Why I missed semicolons today

David Blanc
AndroidPub
Published in
3 min readDec 6, 2017

Coding in Kotlin has mostly been an amazing journey so far. The expressiveness of the language and the drastic cut of boilerplate code compared to Java (which I used to love) has made my coding so much more enjoyable. Not needing semicolons anymore was one of those little changes that made my life easier. Until today.

As I was practicing my skills with today’s puzzle from the advent of code, I wrote a test case that would not pass. A certain function was not returning the proper result. Even more confusing was the fact that selecting the return expression in Intellij and having it evaluate the result gave me the expected value. But running it ended up with a different one.

Basically, it looked something like this:

@Test
fun `should be 4`() {
val anExtremelyLongAndBoringStatementThatBarelyFitsOnALine = 2
val anotherExtremelyLongStatementThatBarelyFitsOnALine = 2
val someList = listOf(1)
val result = someList.map {
anExtremelyLongAndBoringStatementThatBarelyFitsOnALine
+ anotherExtremelyLongStatementThatBarelyFitsOnALine
}
Assert.assertEquals(listOf(4), result)
}

Reading this test seems obvious: I’m transforming the content of a list by replacing each of its elements with an addition of two statements. Since those statements are a bit long, I split the whole thing on two lines and indented it to make it more legible. So should that test pass? You might be tempted to say yes: we’re adding two long statements, and each of them equals 2. As far as I’m concerned, 2 + 2 = 4. We should be fine.

Well, Kotlin decided otherwise. If you try to run this code, you’ll see that it fails: the result list contains a single element with the value 2, not 4! I tried to debug my code, added temporary variables to check each step, and even the “evaluate expression” in Intellij agreed with me that this addition should return 4, but still, the test would not pass.

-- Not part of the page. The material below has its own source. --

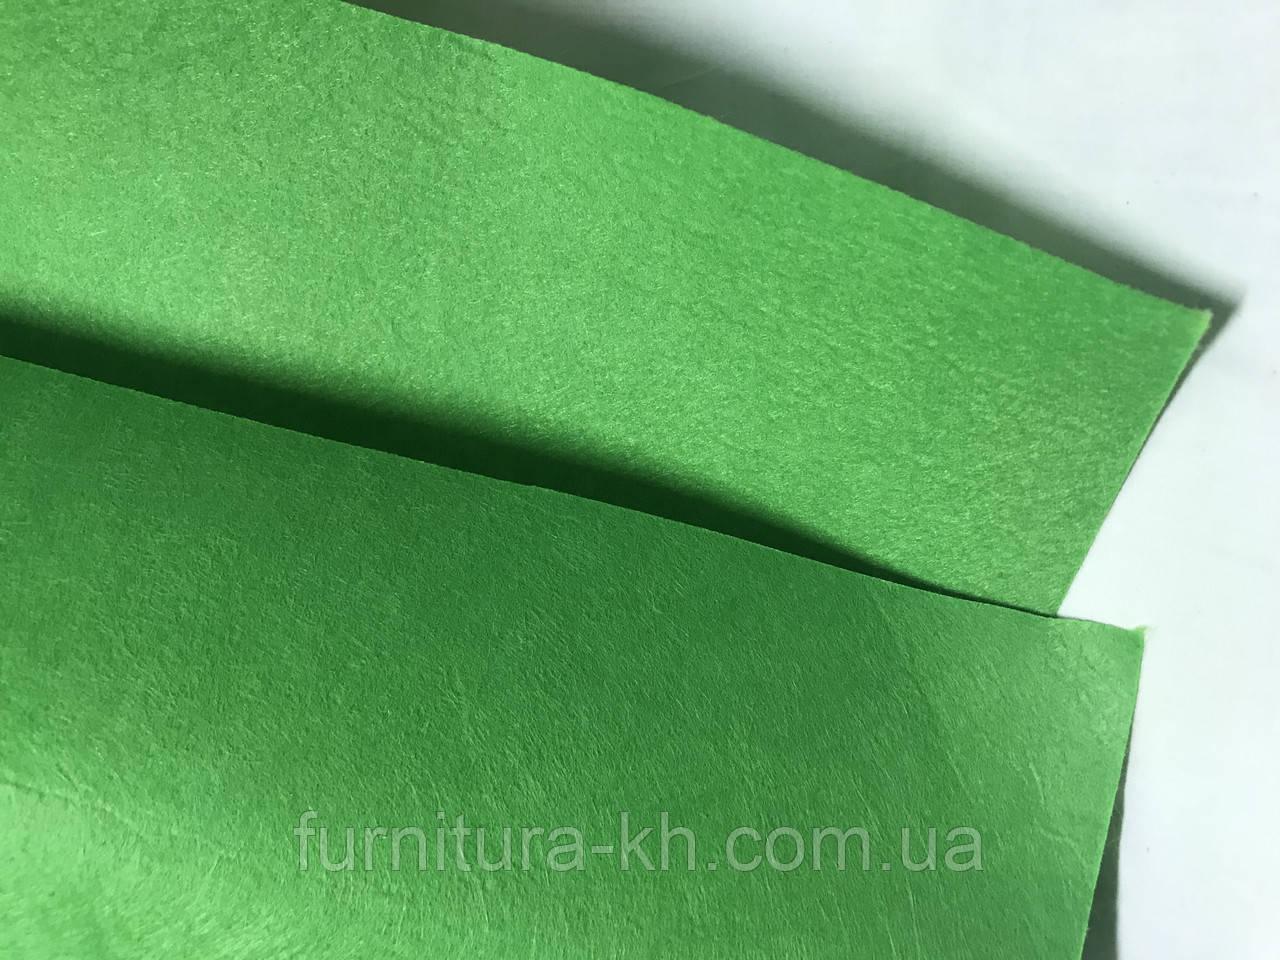 Фетр зеленый размер 50 Х 40 см, толщина 2 мм

So what happened here? Well, it’s an accumulation of little details:

  • I didn’t need the return keyword inside my lambda expression.
  • I split my addition on several lines for clarity’s sake.
  • Kotlin doesn’t need a marker like a semicolon to identify valid statements and expressions.

A first clue would be to reformat automatically your code: you’ll notice that the nice indentation is lost. Both long halves of the addition are lined up, and the space between the + sign and the rest of the line is lost. Next clue is that moving the + sign up at the end of the first line instead of the beginning of the second solves the problem.

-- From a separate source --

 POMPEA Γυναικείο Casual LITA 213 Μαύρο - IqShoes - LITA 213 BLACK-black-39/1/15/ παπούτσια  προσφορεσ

Do you see it now? The root of the problem is that this + sign can be both the binary addition operator and the unary positive sign operator. And because Kotlin doesn’t need semicolons, it tries to isolate valid statements based on other inferences, and it turns out that both lines are valid statements in their own right. From the compiler’s point of view, my lambda expression doesn’t contain a single expression, but two expressions, the second one starting with a unary plus!

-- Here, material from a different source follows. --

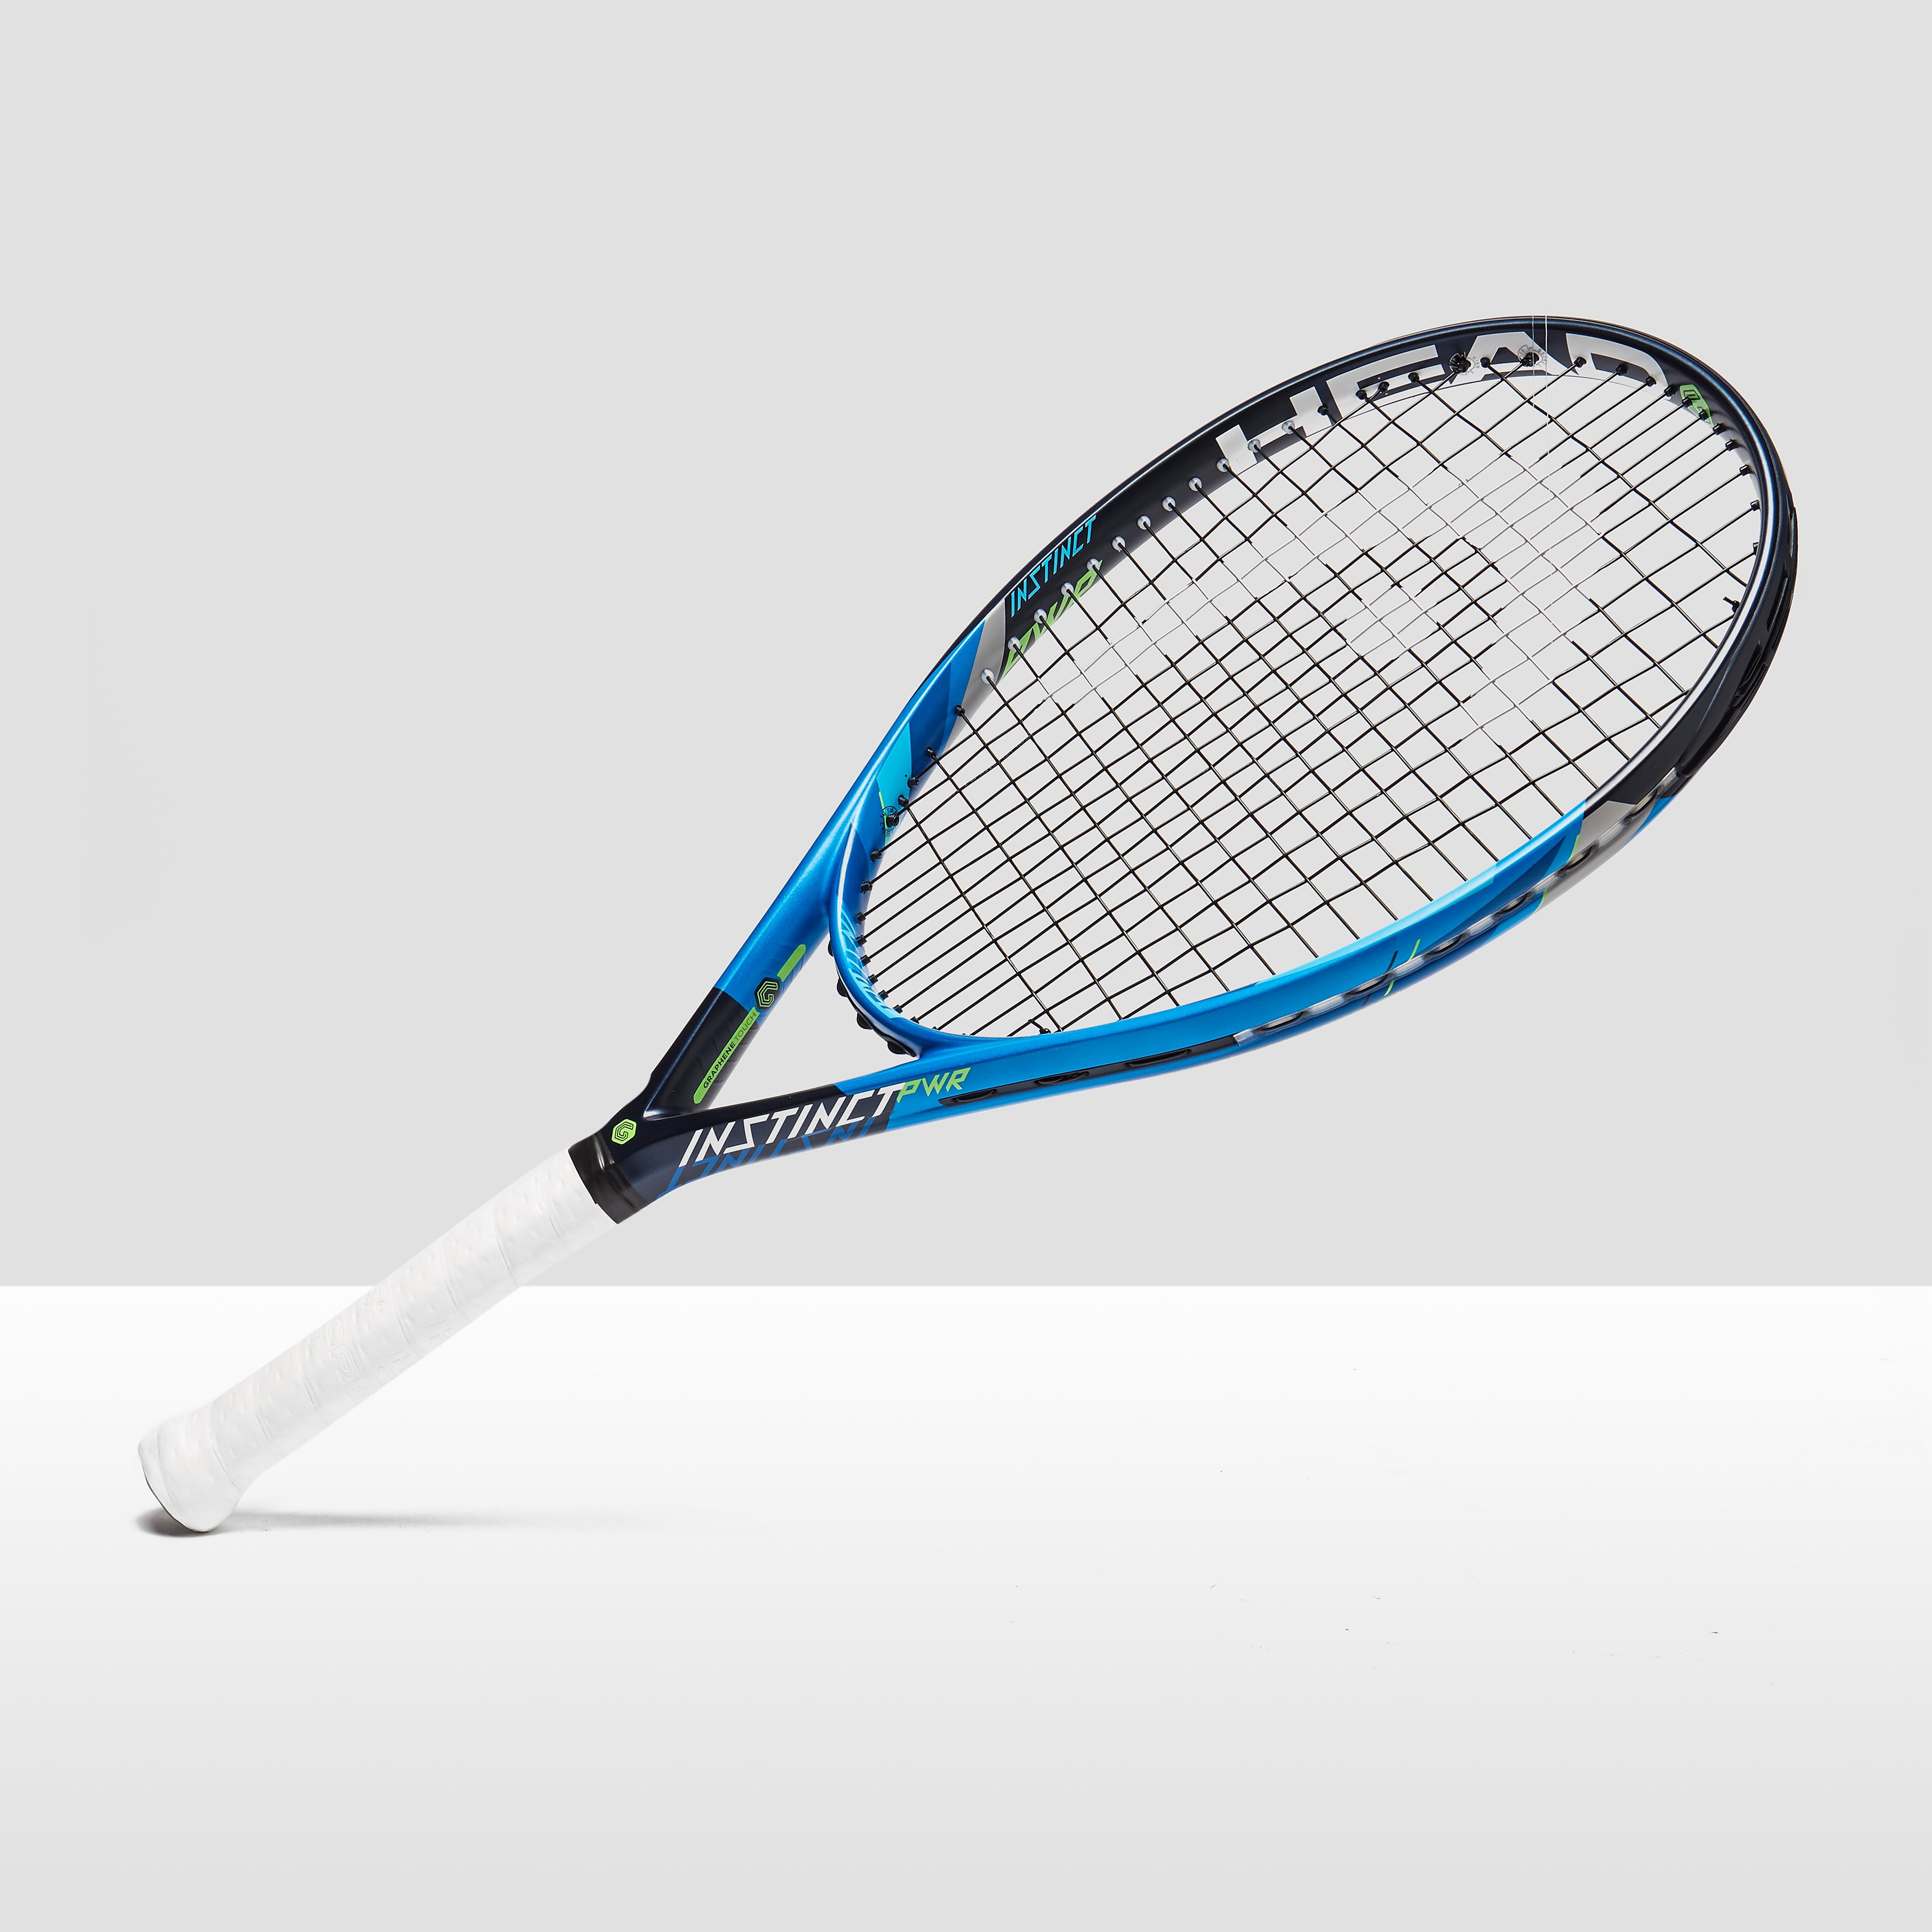 Head Graphene Touch Instinct PWR Tennis Racket

Since we don’t use return in lambdas, the last statement (which is only half of my addition) is used. The same mistake inside a proper method would have been noticeable because the compiler would have given me a warning:

fun addition() {
return anExtremelyLongAndBoringStatementThatBarelyFitsOnALine
+ anotherExtremelyLongStatementThatBarelyFitsOnALine
}

The second half not being included in the return statement, it would be considered unreachable code. And as I stated in my introduction, that same error would not happen in Java because the compiler would not stop and assess the statement until it reached a semicolon.

So as a conclusion, be very careful when you split expressions on several lines. It might make your code easier to read, but it could also have unexpected side effects, especially with operators like + or - that can be considered both as binary and unary operators. This is not limited to numbers: don’t forget strings, lists, or any other class for which you overload these operators.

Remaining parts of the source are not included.